Malaysian Airlines Flight M370

Malaysian MH370 Flight Crash Theory: Pilot Cut Oxygen In Mass Murder-Suicide

What happened to Flight 370? An ex-airline boss and noted journalist think they know what happened to the missing Malaysian Airlines Flight MH370, and they have a crash theory: the pilot committed mass murder and suicide on that fateful day.

On March 8, 2014, MH370 lifted off from Kuala Lumpur to Beijing carrying 12 crew members and 227 passengers. And then, the unthinkable happened: the Malaysian commercial jet simply vanished.

Immediately, a number of nations, including the United States, formed a rescue coalition and tried to locate the airliner, to no avail. Days and weeks went by, and despite numerous reports of MH370 wreckage sightings, there has been no confirmed recovery of even an iota of evidence.

As expected, a number of crash theories surfaced: terrorism, mechanical difficulties, and even weather had roles in the disappearance of the Malaysian 370 flight.

Now, two experts are offering a rather bold theory on what downed the aircraft. Journalist Geoff Taylor and former Kiwi Airlines CEO Ewan Wilson co-wrote Goodnight 370: The Truth Behind The Loss of Flight 370. Inside, the two detail a deadly plot by the pilot of the missing plane.

Wilson and Taylor spent four months researching numerous data points collected from the ongoing media coverage, and using their expertise, concluded that only one scenario explains why the Malaysian plane went down: the pilot of MH370 intentionally choked off the oxygen supply in the cabin and activated the auto-pilot feature.
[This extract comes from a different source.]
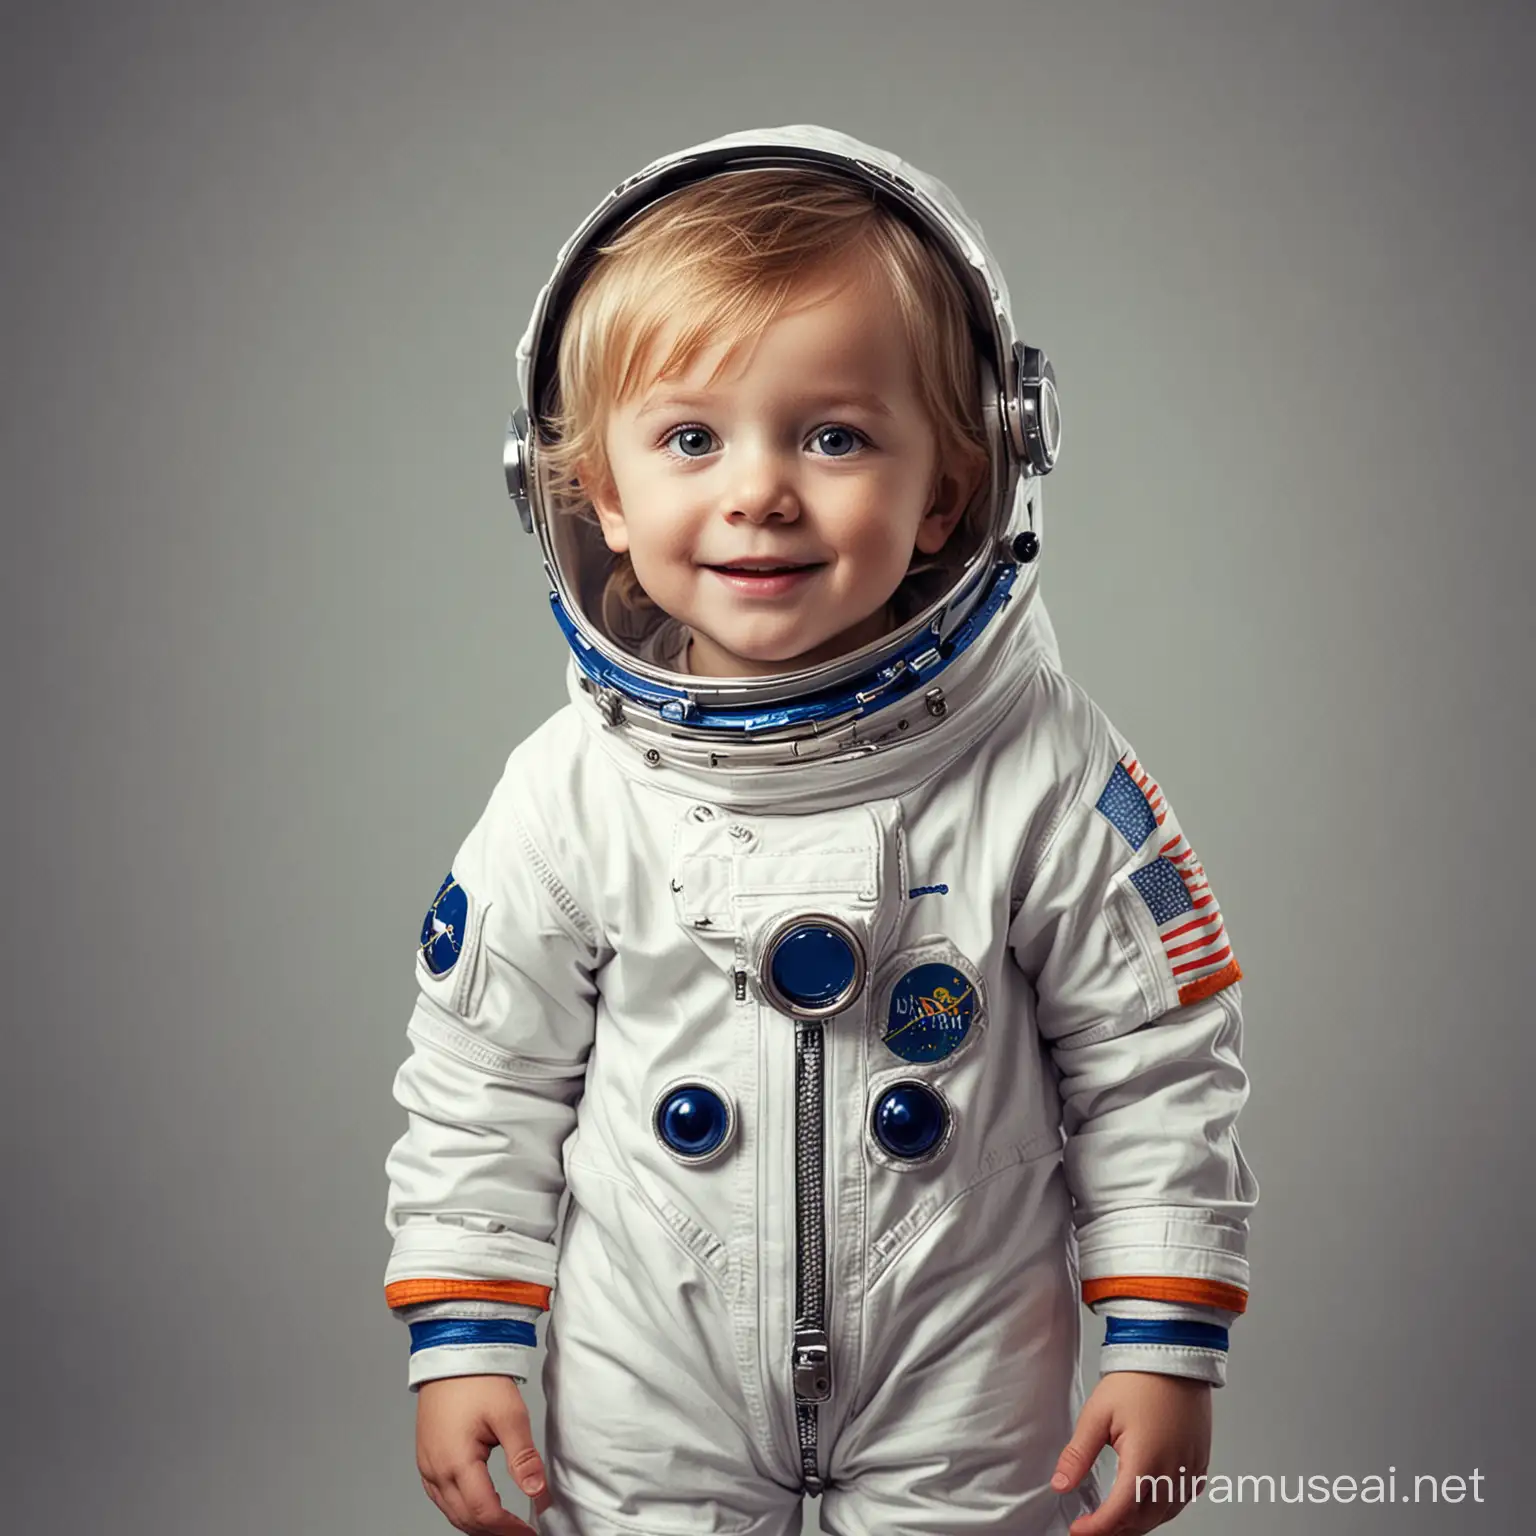 Adventurous Little Astronaut Boy Exploring the Cosmic Wilderness

The pair insist that Zaharie Ahmad Shah, 53, likely suffered from a mental illness and wanted to end his life. Therefore, he is believed to have hatched an elaborate plan to lock out the co-pilot while he put his suicide and mass murder scheme into effect. In the end, his plot was successful and the plane crashed into the depths of the Indian Ocean.

Goodnight 370 says that although oxygen masks would have deployed in the passenger compartment, the supply only lasts for 20 minutes, much shorter than that of the cockpit. Therefore, the pilot would have had ample time to navigate the plane on a fatal track into the sea.

Wilson said the crash of Malaysian Flight MH370, based on his theory of suicide, marks a disturbing pattern in which suicidal pilots use airliners as weapons of mass destruction and instruments to claim their own lives, according to Express.

“There is a fundamental desire to ignore the mental health issue in the aviation industry. Our research indicates there have been five previous incidents of murder/suicide in commercial flights over the last three decades or so, accounting for 422 lives. The sad addition of MH370 would bring that number to 661.”

The authors say the pilot was known for his large ego, vanity, and technicality. They believe these personality traits give rise to their belief he methodically planned the crash route (for little or no radar detection, angle (to ensure maximum mortality) and depth of ocean (to delay or prevent discovery of crash site). Shah is also said to have canceled future engagements, which supports the theory of suicide by plane.

“This would have been his final sad act to his family and to the world: ‘find this one’.”

Critics of Wilson and Taylor’s suicide theory say the pair’s findings are not based on fact, only conjecture. Moreover, the conspiracy plot is not based on any tangible evidence.

Breibart pointed out this about the former airline boss.

“[I]t is worth noting that Wilson himself left the aviation industry in disgrace after being convicted of five counts of fraud.”

It’s unknown if the newest Malaysian Airlines Flight MH370 crash theories will pan out or assist in locating the remains of the missing aircraft. At a minimum, at this point, family members just want closure.